The central part of the book, though, is Rabbi Mann’s presentations of their analyses. He writes from the perspective of each author as he addresses his readers and clarifies the particular issue at hand (occasionally he confusingly switches to writing in his own voice, but that is a relatively minor issue). Using footnotes and endnotes—the former to clarify terms or references in the piece he is translating, the latter to expand on an aspect of the discussion—Rabbi Mann helps the reader make his way through topics that range from the monetary, such as the Machaneh Ephraim’s analysis of taking someone else’s property with assumed permission, to the mixed monetary/ritualistic, such as the K’tzot HaChoshen’s discussion of stipulations to allow over- or undercharging, to the ritual/institutional, such as the Minchat Chinuch’s investigation of when formulating new rules violates the prohibition of adding to the Torah.
The careful reader will come away richer, having been introduced to important figures from the intellectual history of Torah study and key studies and ideas from the world of halachah, as well as becoming more acquainted with a contemporary Torah scholar positively contributing to our halachic world today.

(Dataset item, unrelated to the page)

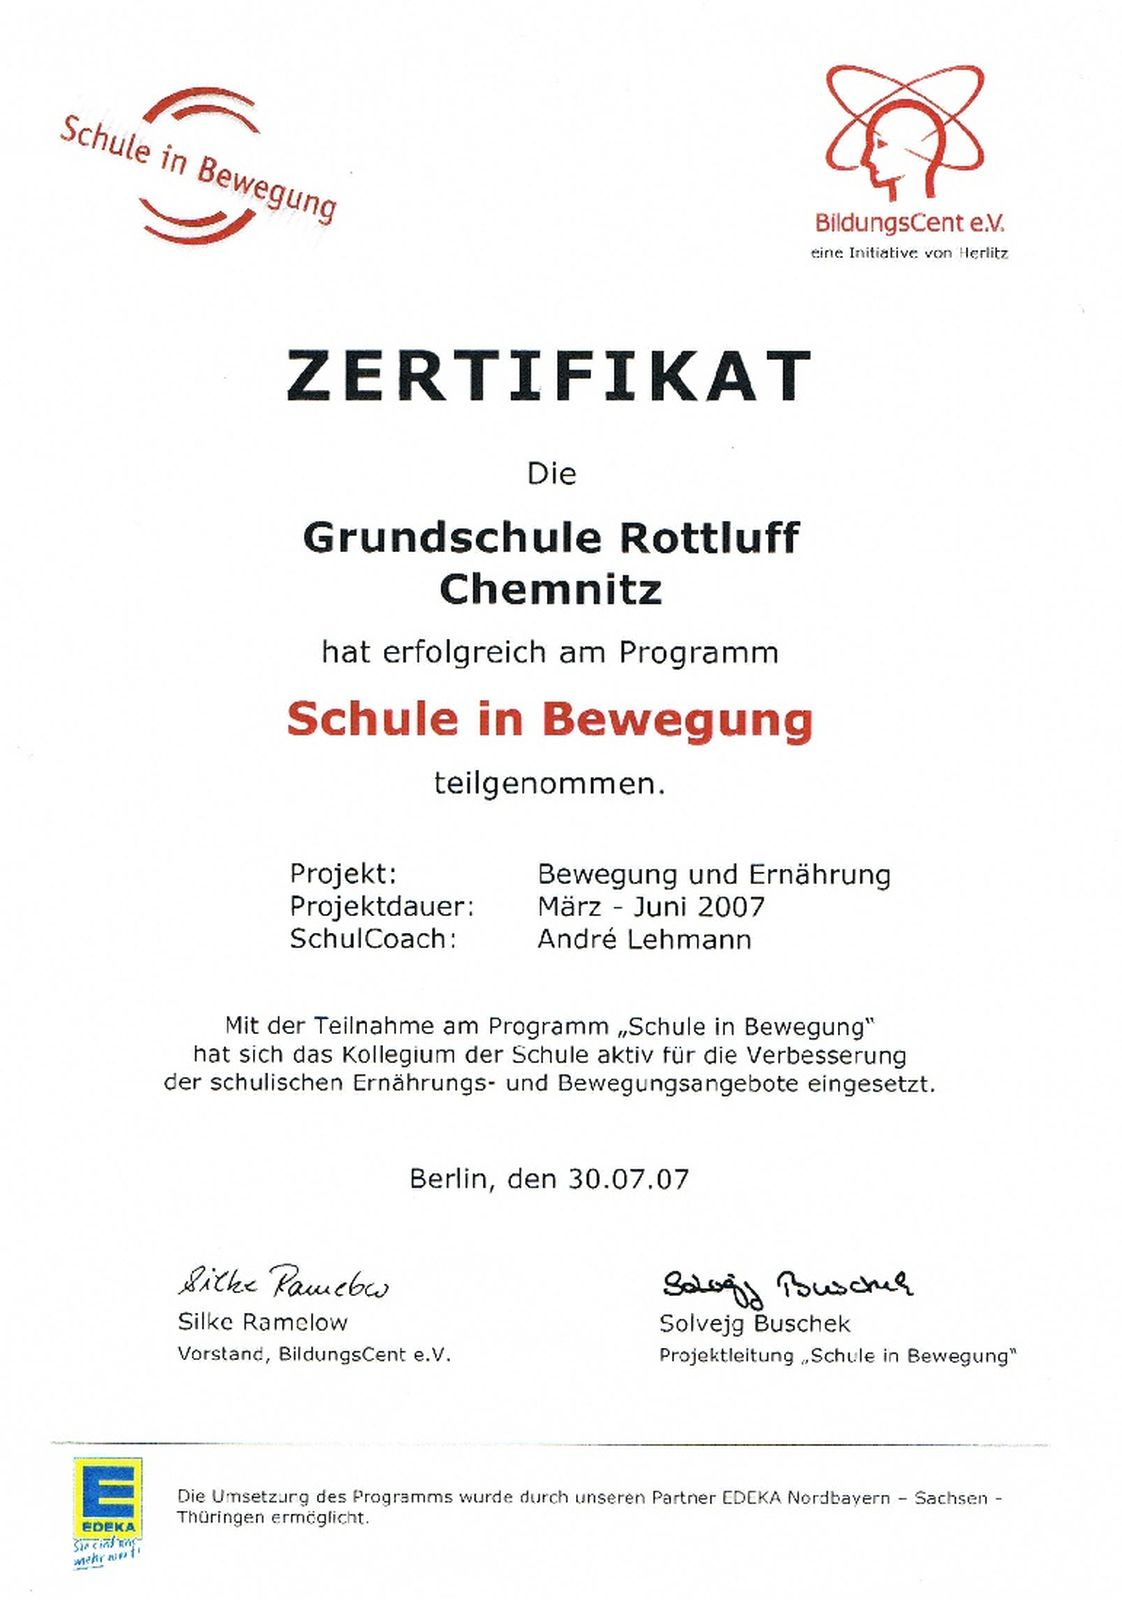 Berühmt Teilnahmezertifikat Vorlagen Galerie - Entry Level Resume ...

The question I have is, how much insight into the minds of halachic thinkers has Rabbi Mann succeeded in providing us? Sixteen essays, four each from much longer works, is barely a glimpse—not to mention the many authors who did not make it into the current volume. Whom will this dip into the waters satisfy?
In an e-mail discussion with Rabbi Mann, he suggested he was trying to “provide an experience for the few percent who can say, ‘Wow, I never knew Torah learning could be so intellectually challenging and rewarding in this way.’” His target readers are those who have found their intellectual side after their years of formal Jewish education were over, those never exposed to the Torah’s deep intellectual side, those who came to serious Torah study too late in life to build the textual skills necessary to access these works in the original and lawyers who might not realize that halachic thinking is as sophisticated as legal thinking and will enjoy discovering their error.
I agree that all of those audiences—and more—can benefit. As Rabbi Mann notes in his introduction, however, this is not a light read. The introduction and biographical essays are easy to enjoy, but the translated selections require a more rigorous approach. In the introduction, Rabbi Mann suggests establishing a chavruta, a study session with a partner, to work one’s way through the book. Even with all of Rabbi Mann’s considerable help, securing that glimpse still requires more than a little effort on our part.
And it will still only be a glimpse. Perhaps future volumes will give us more, but for now, for all that Rabbi Mann has opened a window separating us from these greats, and with such skill and clarity, we are left with the barest introduction of the wealth of Torah thought out there. For the rest, the solution remains what it always has been—to go and study.
Rabbi Dr. Gidon Rothstein, a shul rabbi and high school and adult educator, is the author of Murderer in the Mikdash (2005), a third Beit HaMikdash mystery and We’re Missing the Point: What’s Wrong with the Orthodox Jewish Community and How to Fix It (2012). He blogs at torahmusings.com and the Times of Israel.